Try it:
Each line of the data below goes into the copy exactly; pictures do not.

Dataset excerpt:
+ + + + + + +

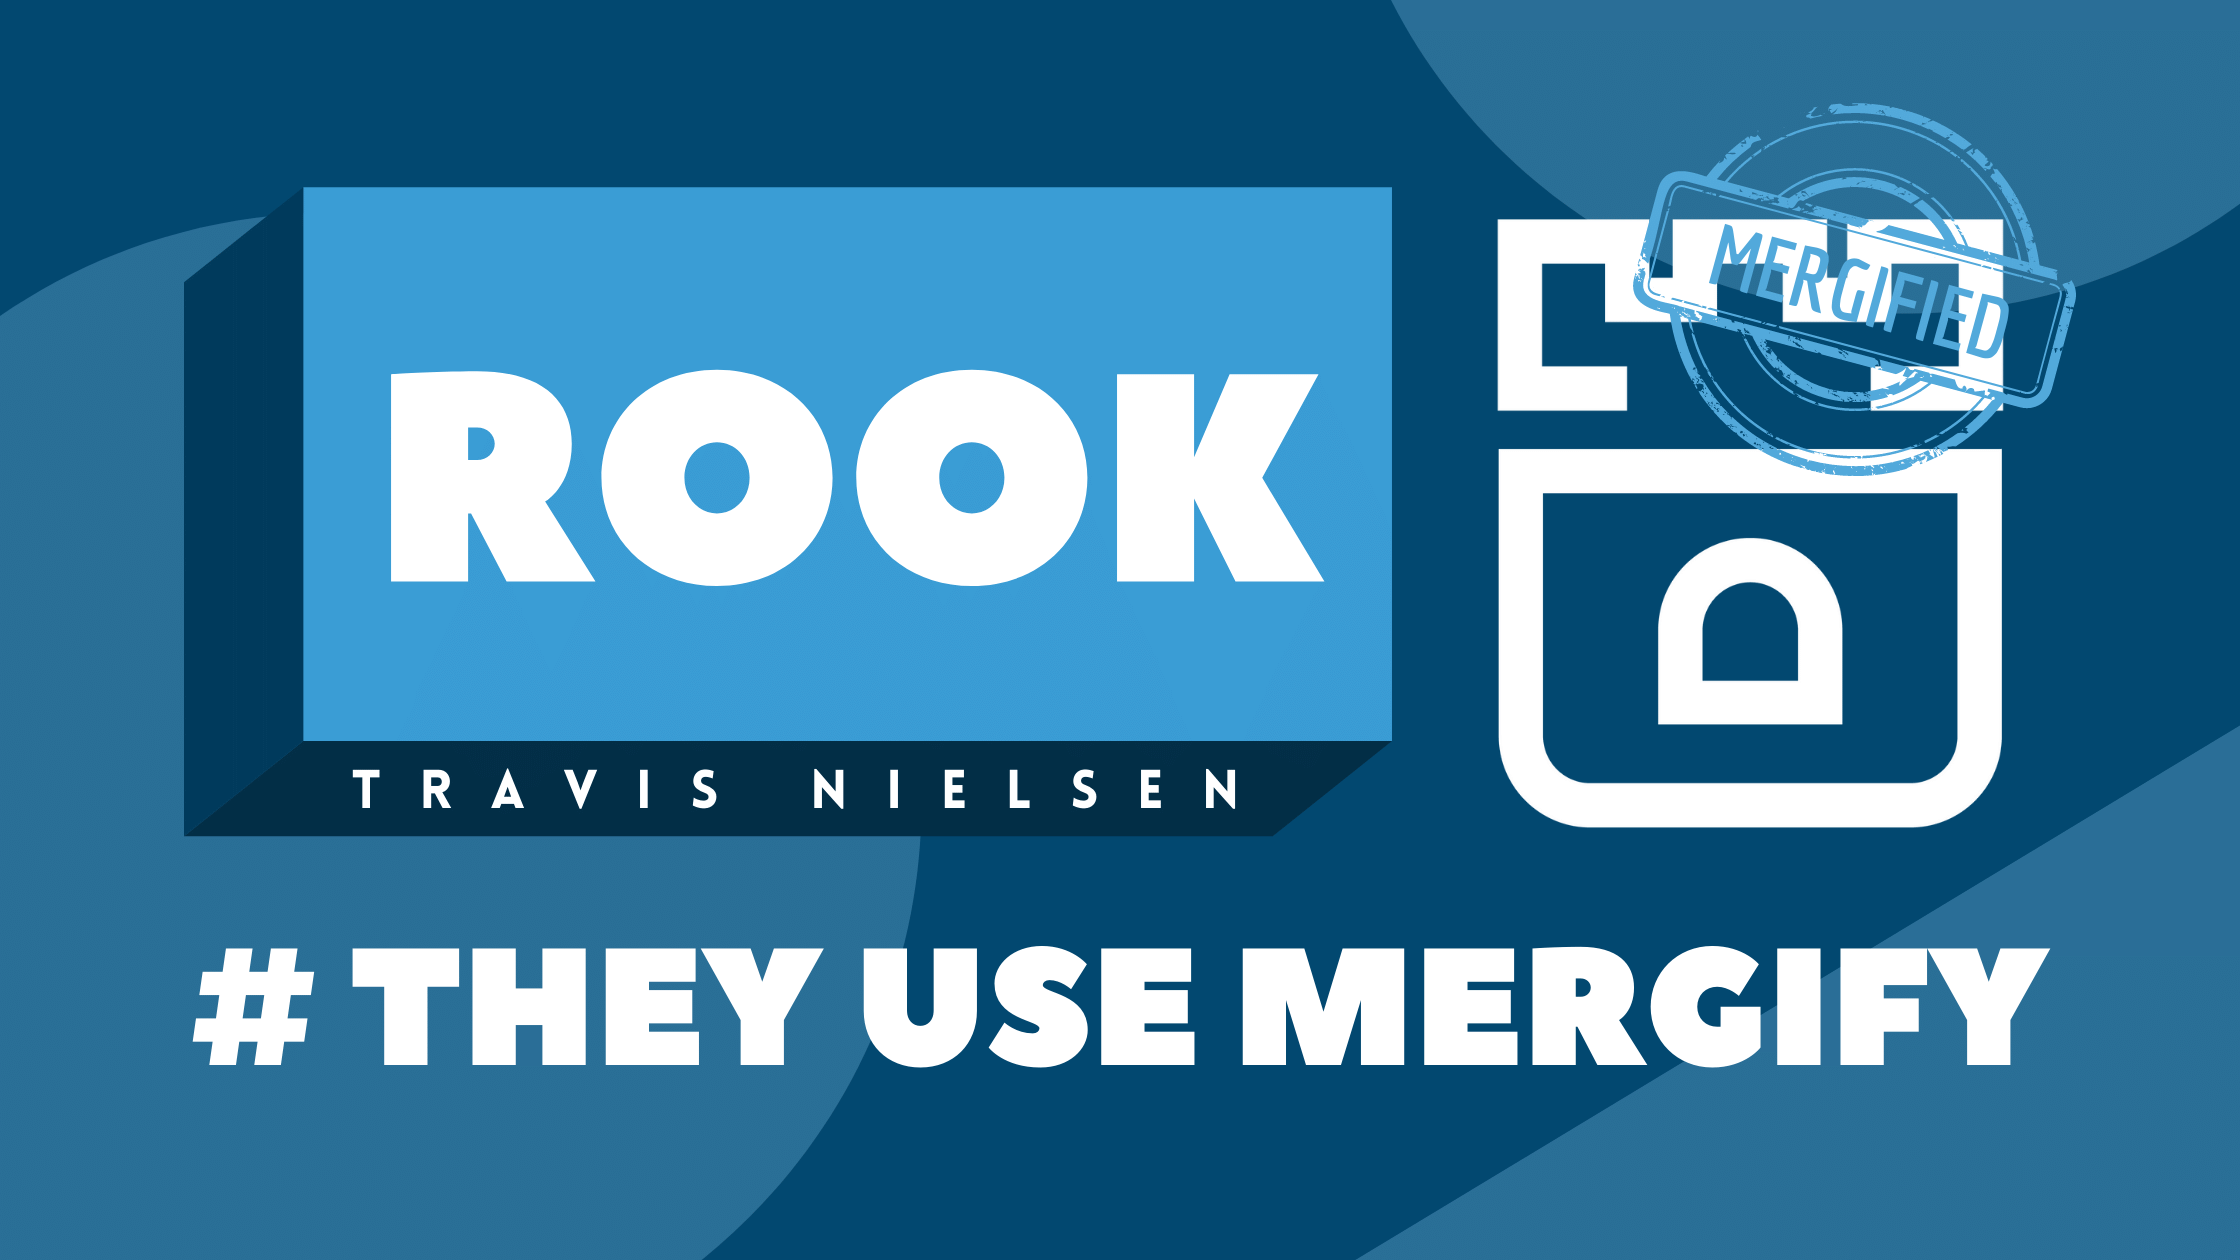 They use Mergify: Rook
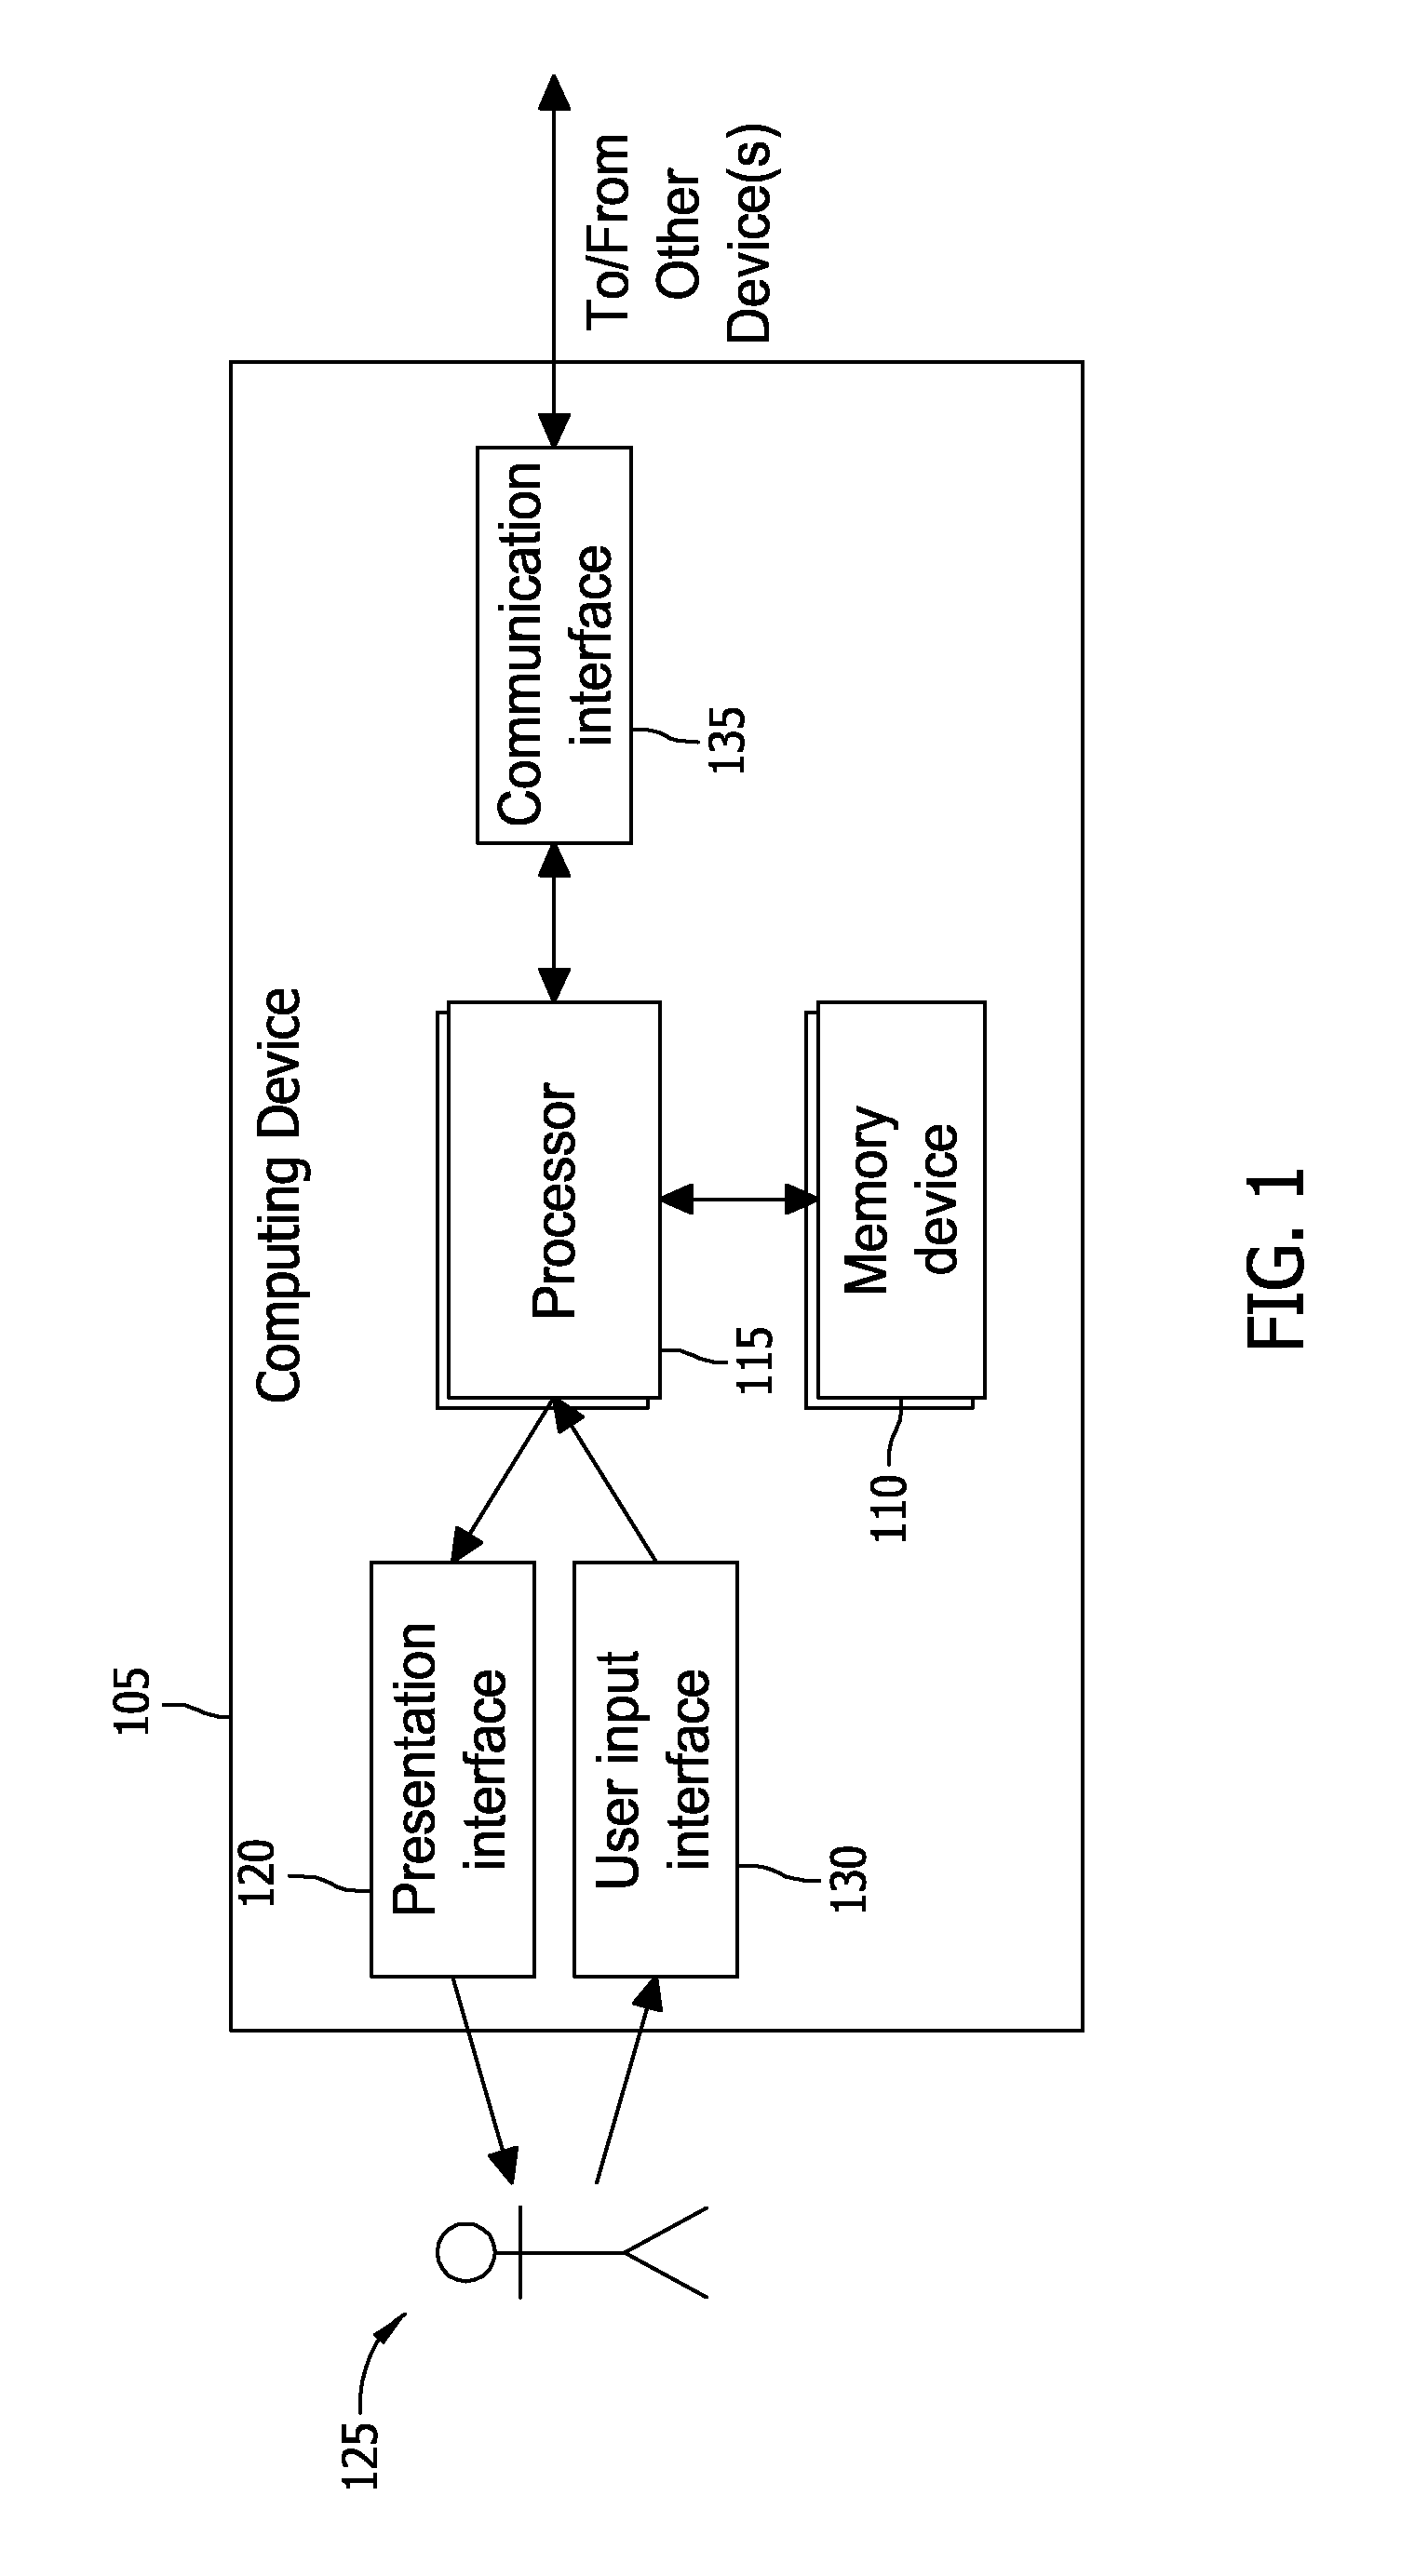 Auxiliary electric power system and method of regulating voltages of the same
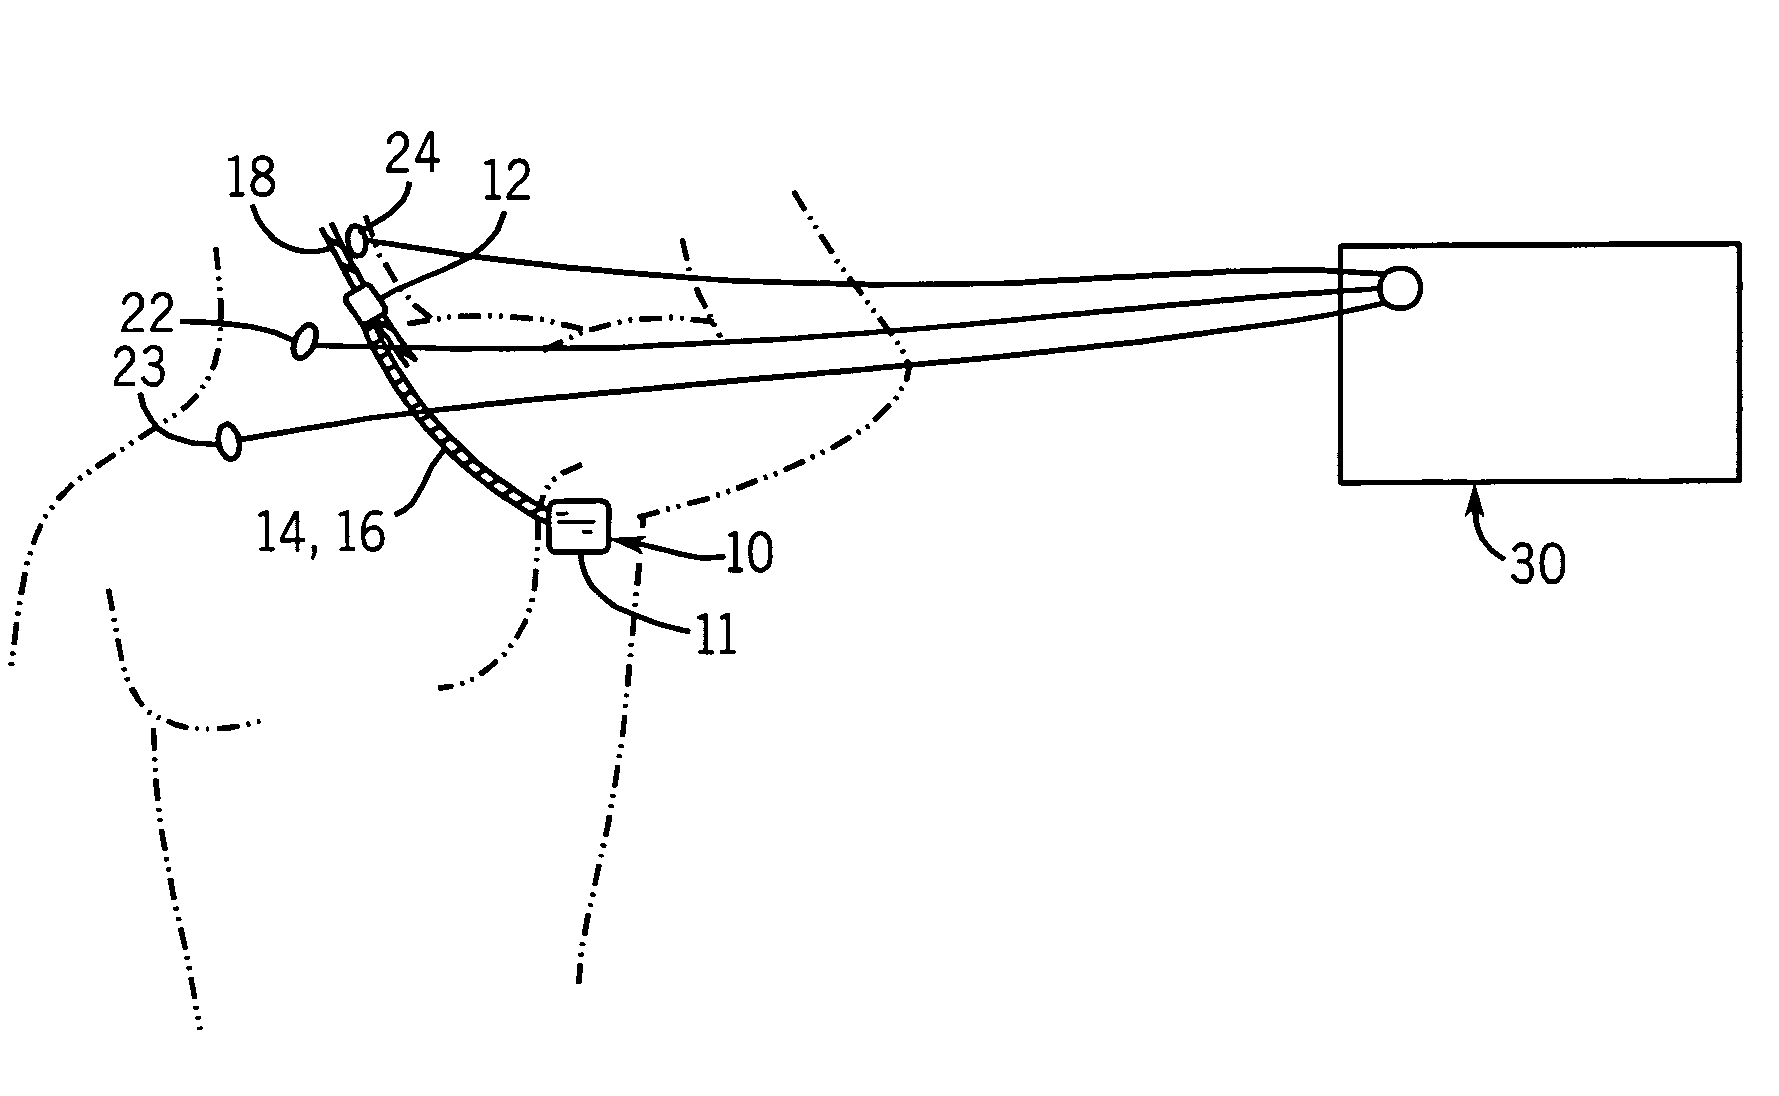 Method and apparatus for detecting vagus nerve stimulation

+ + + + + + +

Output of the task:
 They use Mergify: Rook
 Auxiliary electric power system and method of regulating voltages of the same
 Method and apparatus for detecting vagus nerve stimulation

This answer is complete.